Oxford Particle Imaging Centre,
Division of Structural Biology,
Henry Wellcome Building for Genomic Medicine,
Oxford, OX3 7BN, UK

Telephone: (+44) (0)1865 287844
E-mail: juha@strubi.ox.ac.uk

Research Areas

My group focuses on structures and host cell interactions of emerging viruses.

We study how viruses belonging to viral family Bunyaviridae infect their host cells. Many Bunyaviruses are pathogens causing serious diseases. These include Rift Valley fever virus, Crimean-Congo hemorrhagic fever virus and many hantaviruses. Despite the medical importance of bunyaviruses, very little is known about their detailed three-dimensional structures and infection mechanisms. We use mainly electron cryo-microscopy, combined with computational 3D reconstruction methods, to solve the structures of mature virions, and intermediate structures existing during entry, membrane fusion and maturation.

In our first study, we used electron cryo-tomography to solve the first structure of a Bunyavirus using an apathogenic Uukuniemi virus (Phlebovirus, Bunyaviridae) as a model system using (Överby et al. 2008 PNAS). The tomographic reconstructions revealed two different conformations of the glycoprotein spikes, and these were shown to be pH dependent. Similar pH-dependency in the conformations of glycoprotein spikes is seen in many other virus systems, such as Dengue virus (flavivirus), and this may help to understand the infection mechanism of Bunyaviruses as well.

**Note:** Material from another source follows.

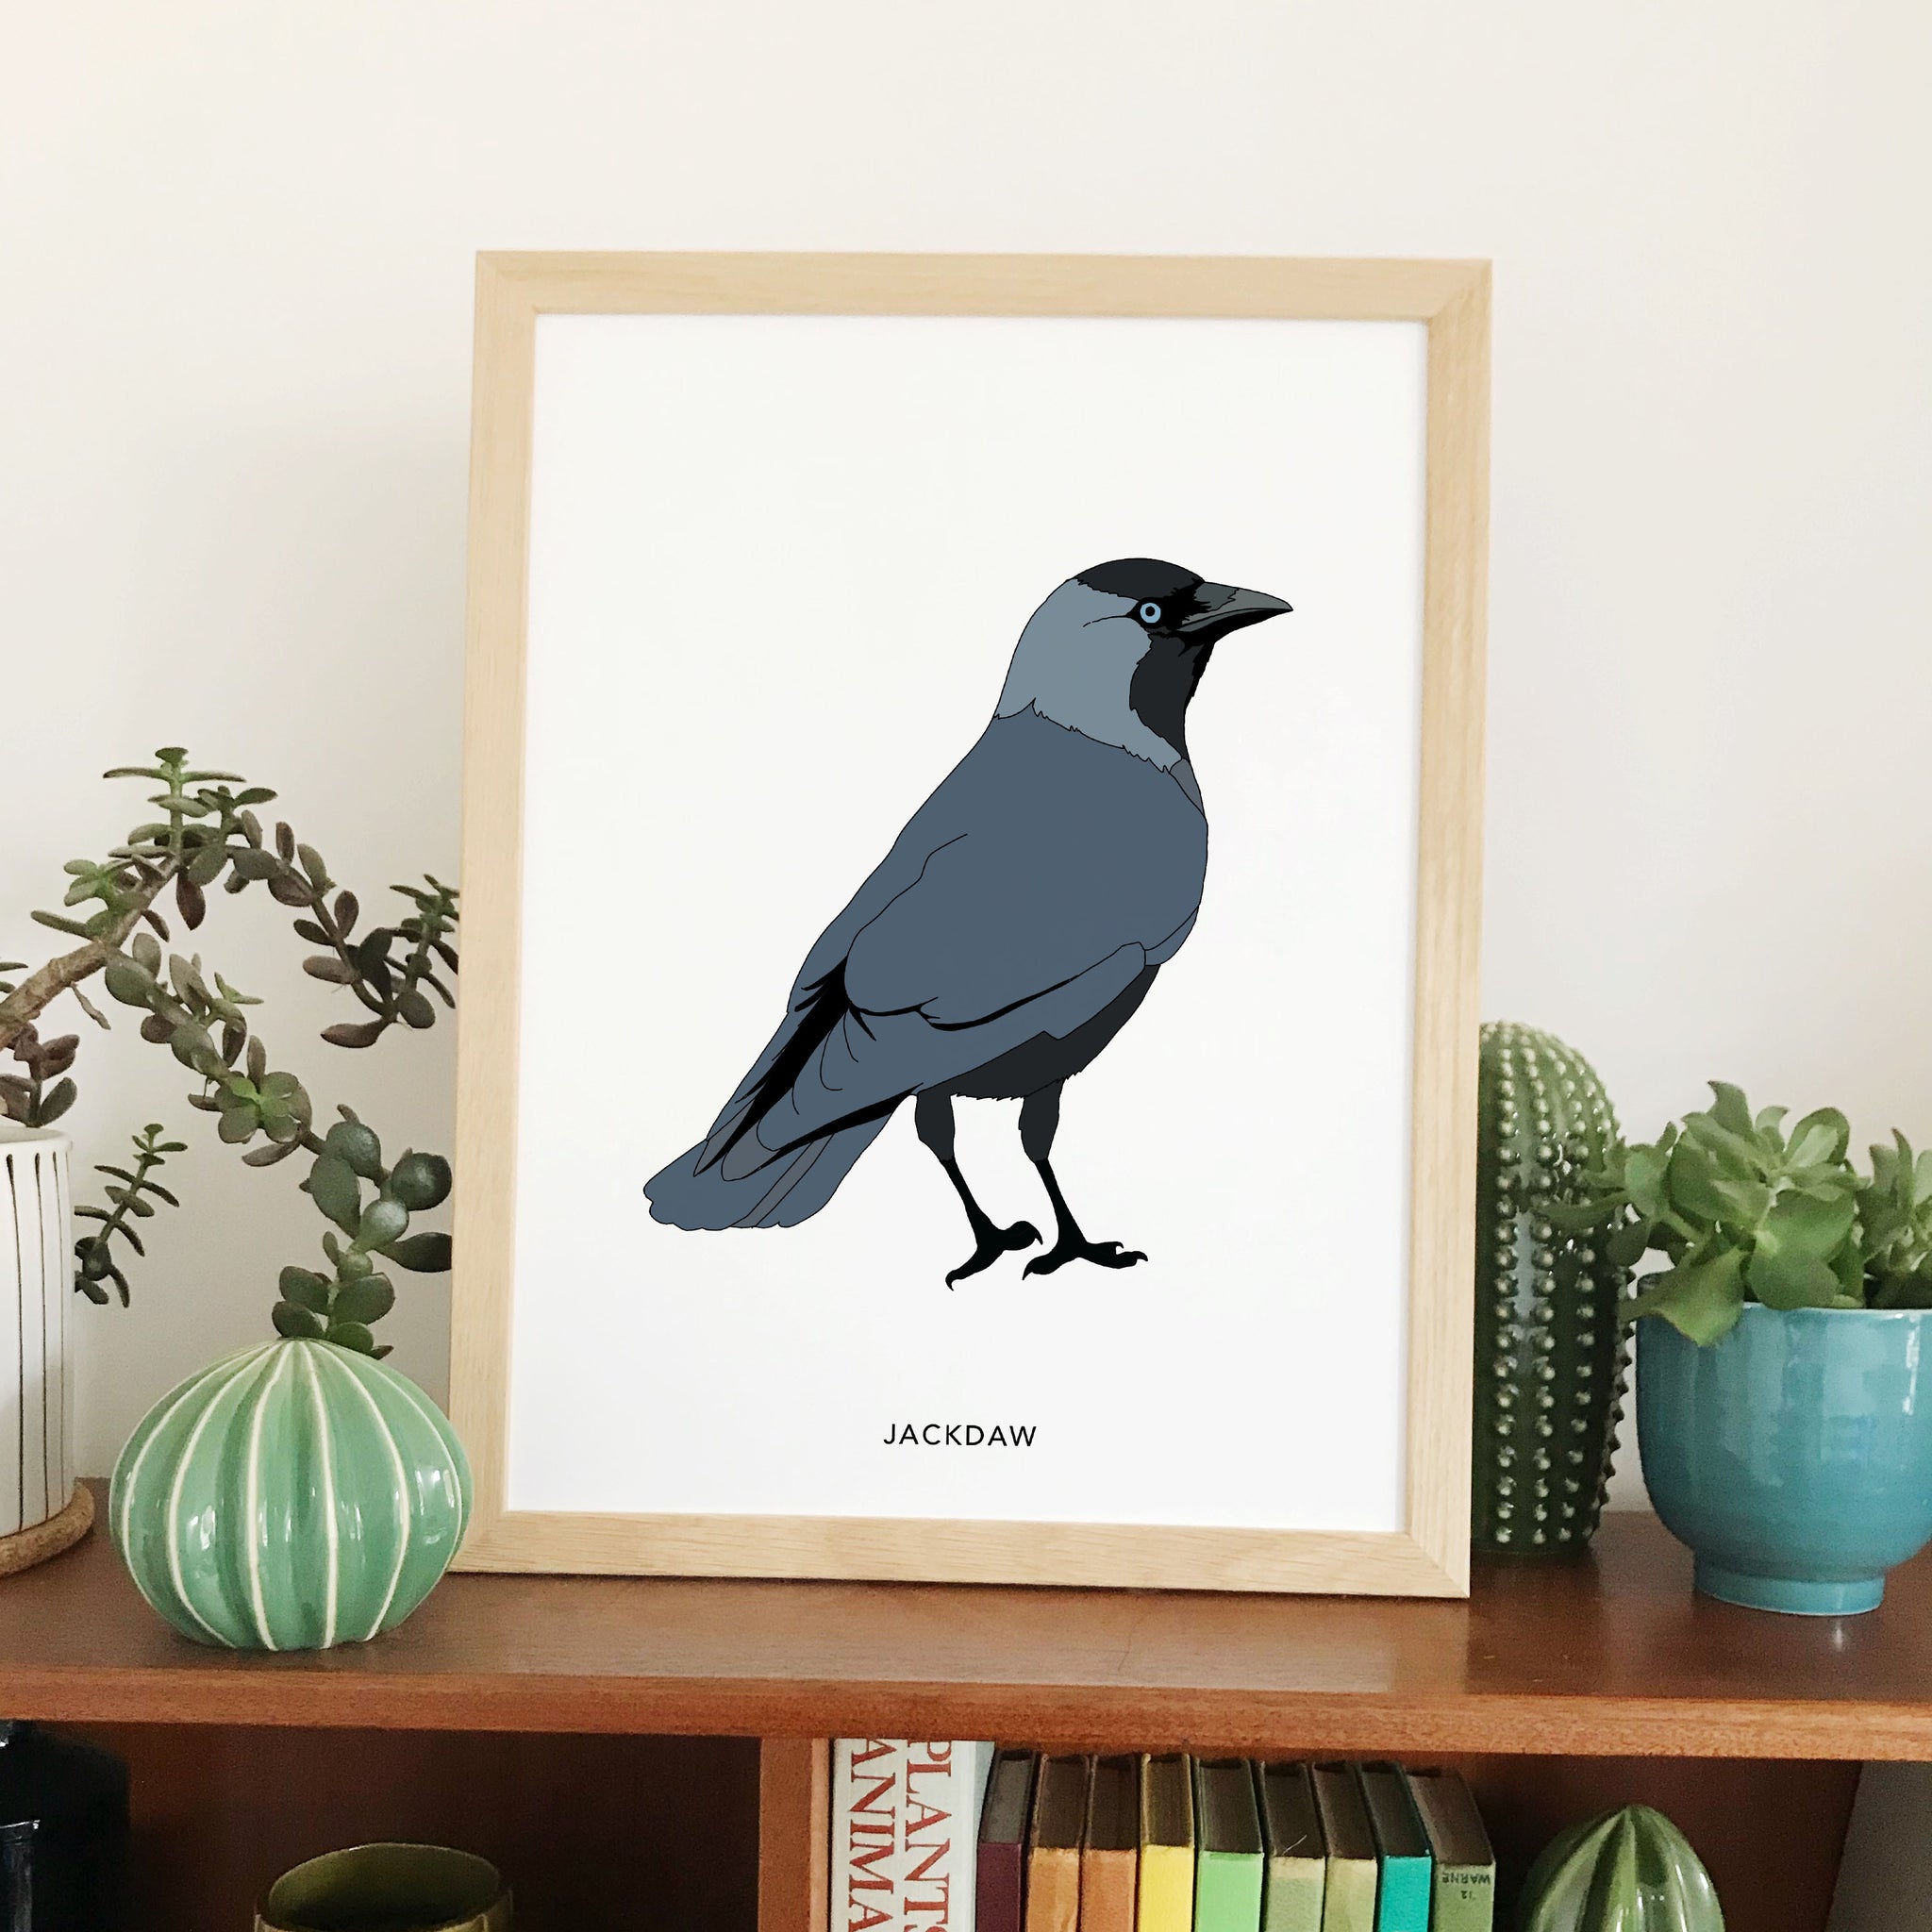 Jackdaw bird print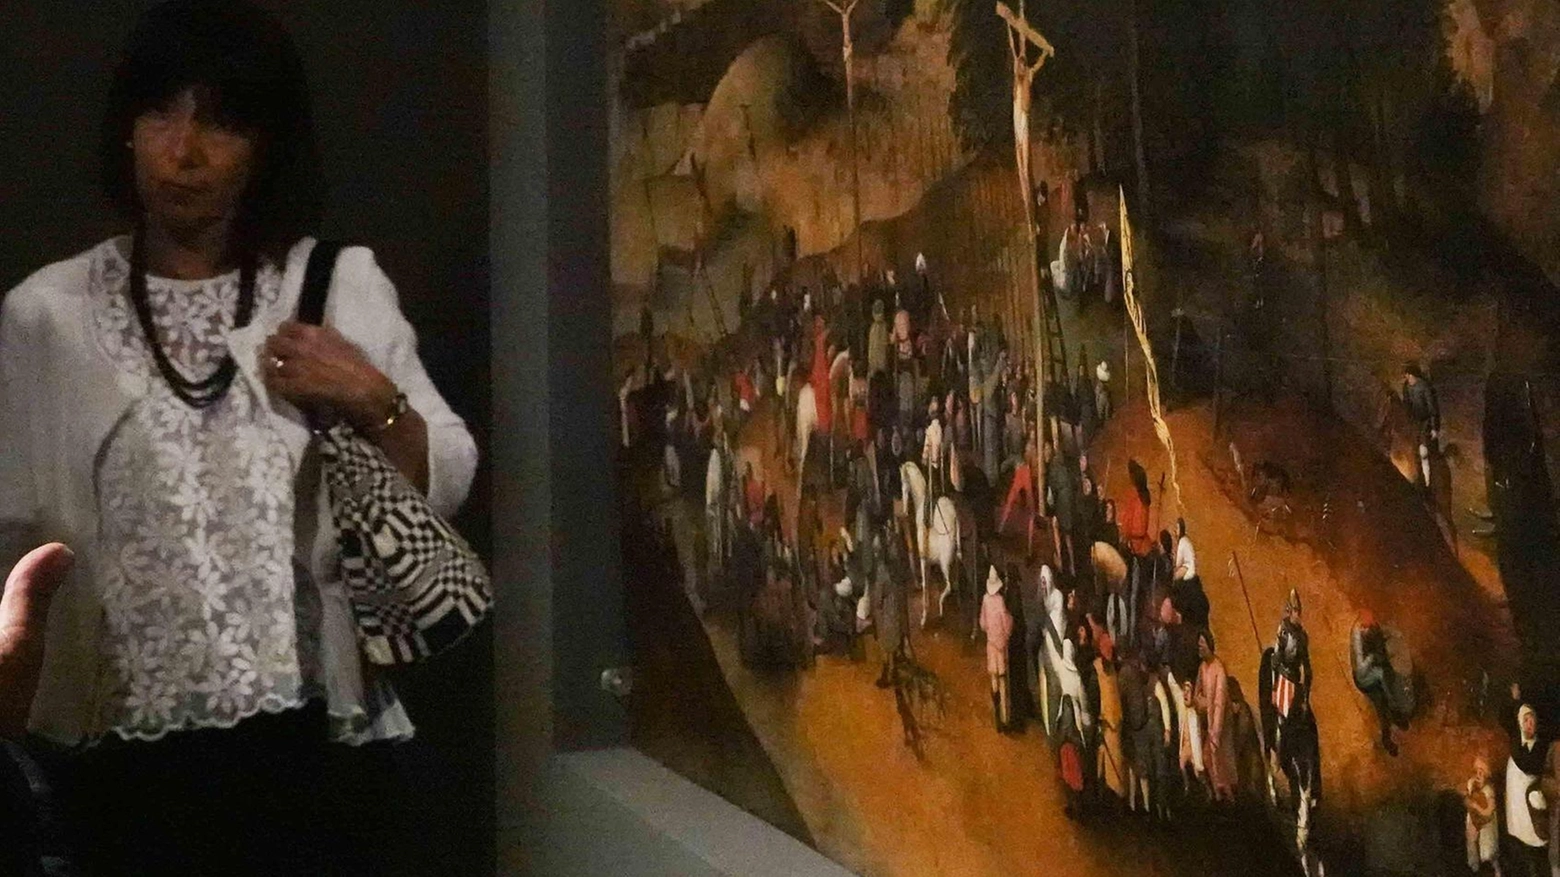 La Crocefissione di Pieter Brueghel il giovane sarà esposta al Museo diocesano di Sarzana dopo il trasferimento dal Museo Lia della Spezia. Visite guidate disponibili venerdì e sabato, apertura straordinaria per Pasqua e Pasquetta su prenotazione. Opere di sorveglianza in attesa.

In our second study, the analysis of Rift Valley fever virus (Phlebovirus, Bunyaviridae) particles showed that they were well preserved during purification. Electron cryo-microscopy showed that the particles were homogeneous in their size and shape. Thus we were able to apply single particle averaging approach, combining data together from multiple particles. This approach yielded a much high resolution (2.2 nm) that was possible for Uukuniemi virus and helped us to understand the organization of the glycoproteins, which are responsible for host cell binding and membrane fusion (Huiskonen et al. 2009 J Virol).

The infection of a host cell by a virus is a complicated process and its study requires a combination of different techniques and model systems. Our electron cryo-microscopy and tomography studies will be combined with other complementary imaging and biophysical techniques to yield a detailed description of Bunyavirus infection. For example, we are combining electron tomography of infected cells with light microscopy of GFP-labeled particles and high-resolution single particle electron cryo-microscopy with fitting of X-ray structures of viral glycoproteins into density maps of whole virus particles.

The work is carried out in the containment facility of Oxford Particle Imaging Centre, which provides facilities for virus production and high resolution electron cryo-microscopy and tomography.